A high school teacher was arrested last week after chasing her students with scissors and forcibly cutting one's hair while singing “The Star Spangled Banner.” ABC30 in California reports students fled the classroom of Margaret Gieszinger, a chemistry teacher at University Preparatory High School in Visalia, Calif., after she allegedly told them it was haircut day and chased them with scissors. A video of the episode was captured by a student which appeared to show Gieszinger cutting a student's hair at the front of the class while singing. According to one witness who spoke to reporters, the students believed Geiszinger was joking at first. “But she did cut a hair off, and she started singing the 'Star Spangled Banner' and she was singing it really loudly as she ceremoniously tossed a chunk of hair behind her,” he said. The student says he then ran to the school's main office for help. In the footage, the teen attempts to walk away when Geiszinger orders him to return, saying “You're not done.” She can also be seen chasing another student while singing and grabbing her hair in an attempt to cut it. It is unknown what triggered the strange act. The Tulare County Office of Education released a statement following the incident calling Geiszinger's behavior “disturbing.” Counselors were made available to the students and Geiszinger has been permanently removed from her classroom. She is facing charges of corporal injury to a child.

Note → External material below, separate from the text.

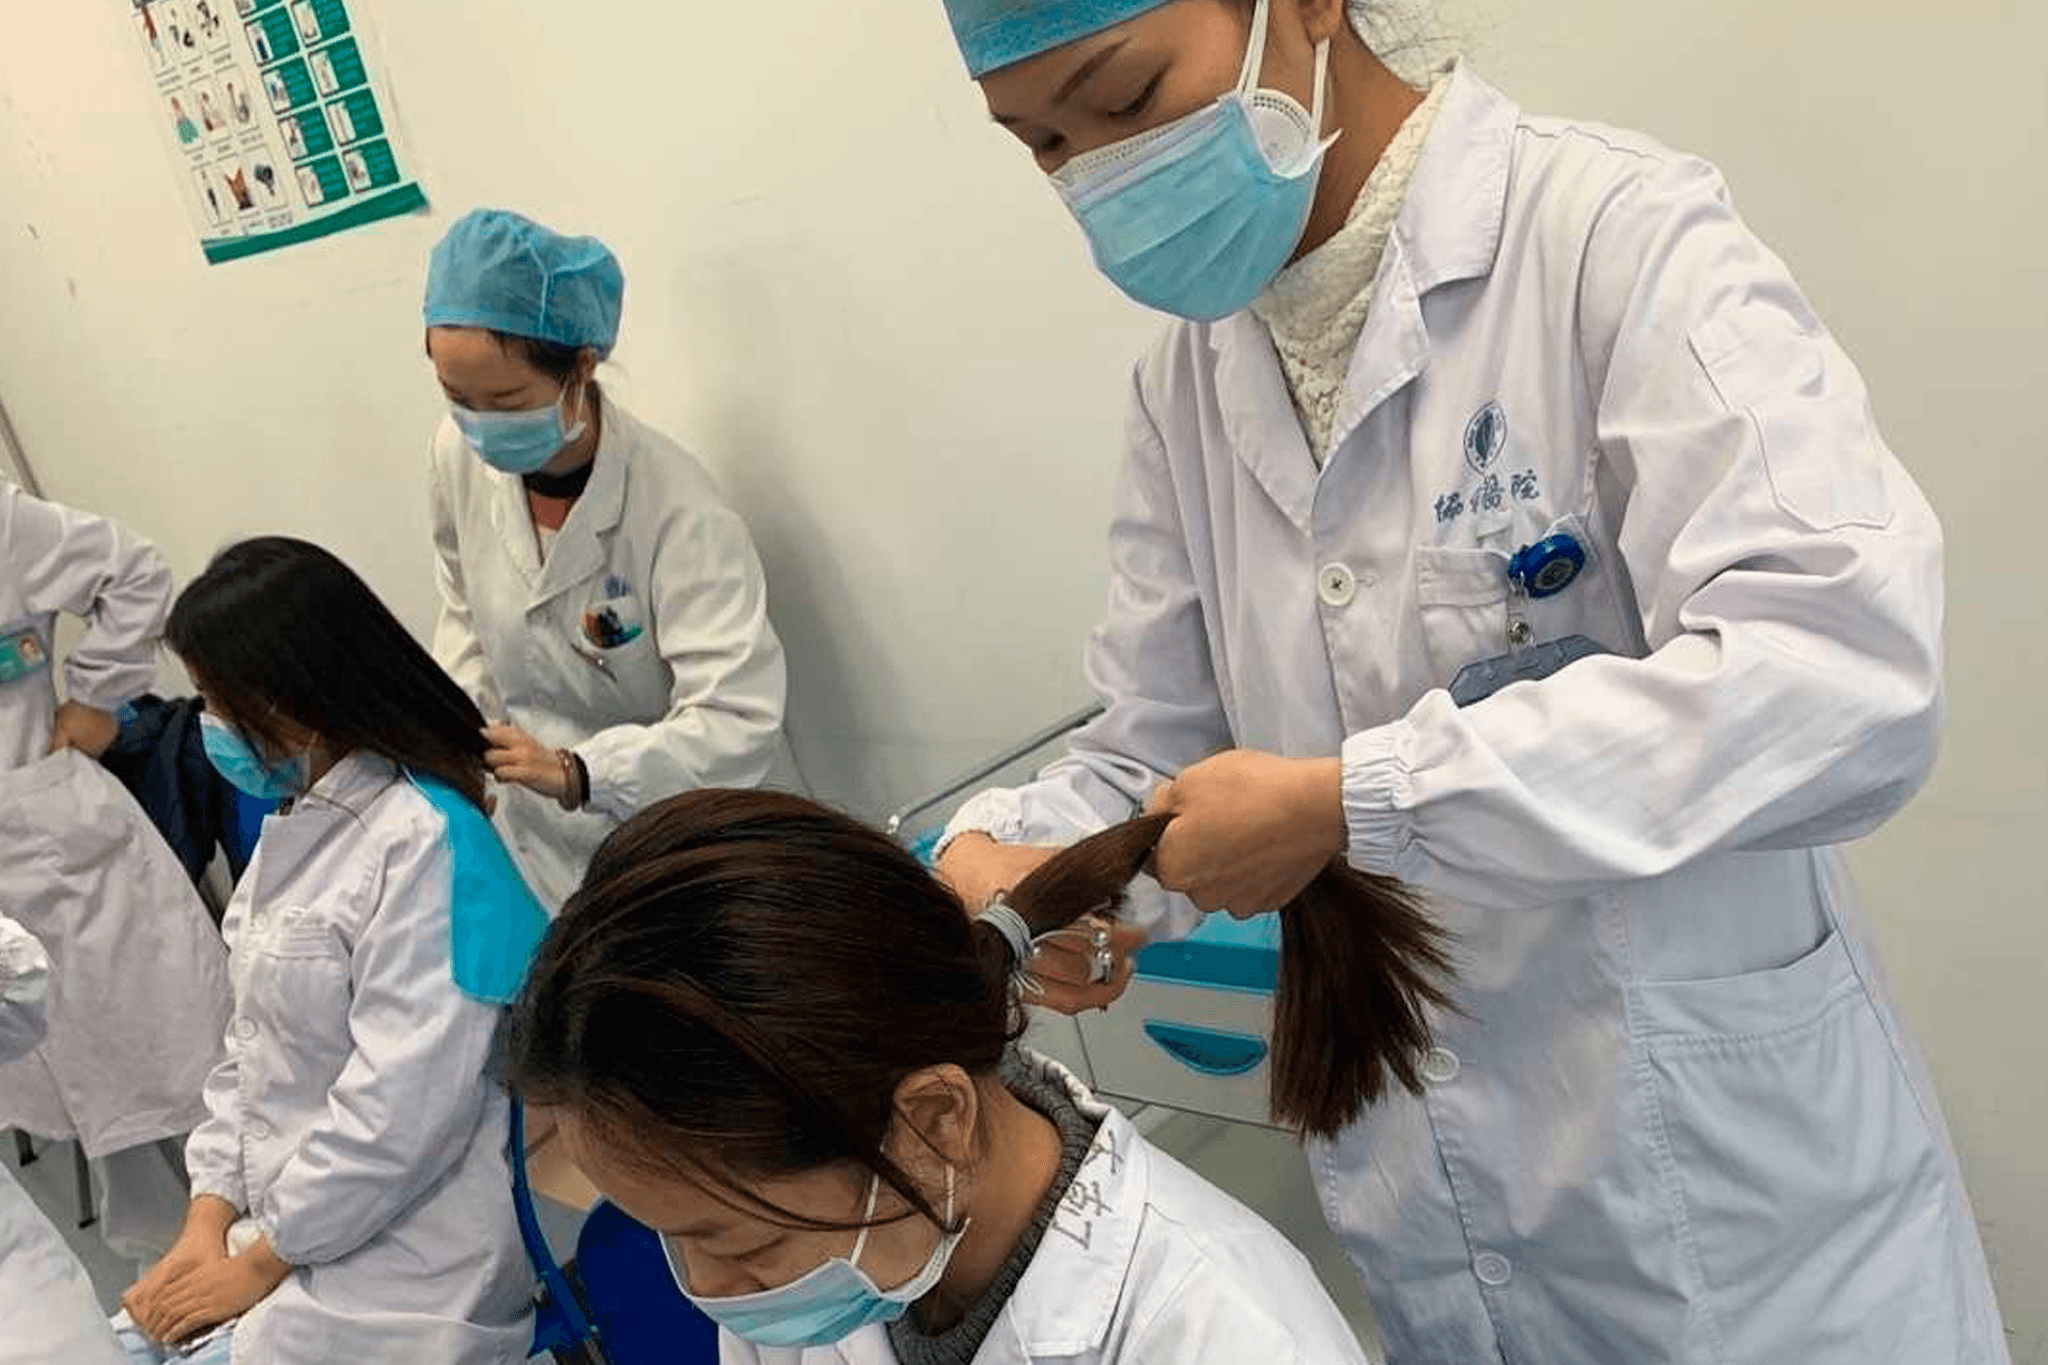 Krankenpflegerinnen aus verschiedenen Regionen Chinas kürzen sich vor dem Einsatz in Wuhan gegenseitig die Haare.

A hospital in Paris has suspended a study on intestinal diseases after it received too many stool donations. According to Medical Express, researchers at the Saint-Antoine hospital were offering 50 euros to eligible members of the public willing to donate stool samples as part of a study on fecal transplantation, or bacteriotherapy, as a potential treatment for intestinal inflammation. Fecal transplants are currently used to treat patients suffering from recurrent C. difficile colitis. The project's lead gastroenterologist Harry Sokol told reporters that a poster was originally placed in hospitals and medical schools seeking donors, but someone reportedly posted an image of the poster on social media, where it spread quickly. “People thought it meant: Give us your stools, we'll give you 50 euros,” Sokol said. The telephone hotline and email for the project were overwhelmed by responses, and researchers decided to close the call for donors. Sokol said inquiries continued even after the invitation had been closed—some in person. Despite the large numbers of donations, half of the study has been canceled, because requirements are strict and many potential candidates will be removed after their samples are subjected to a rigorous selection process. Sokol said that many were “devastated” by the project's termination.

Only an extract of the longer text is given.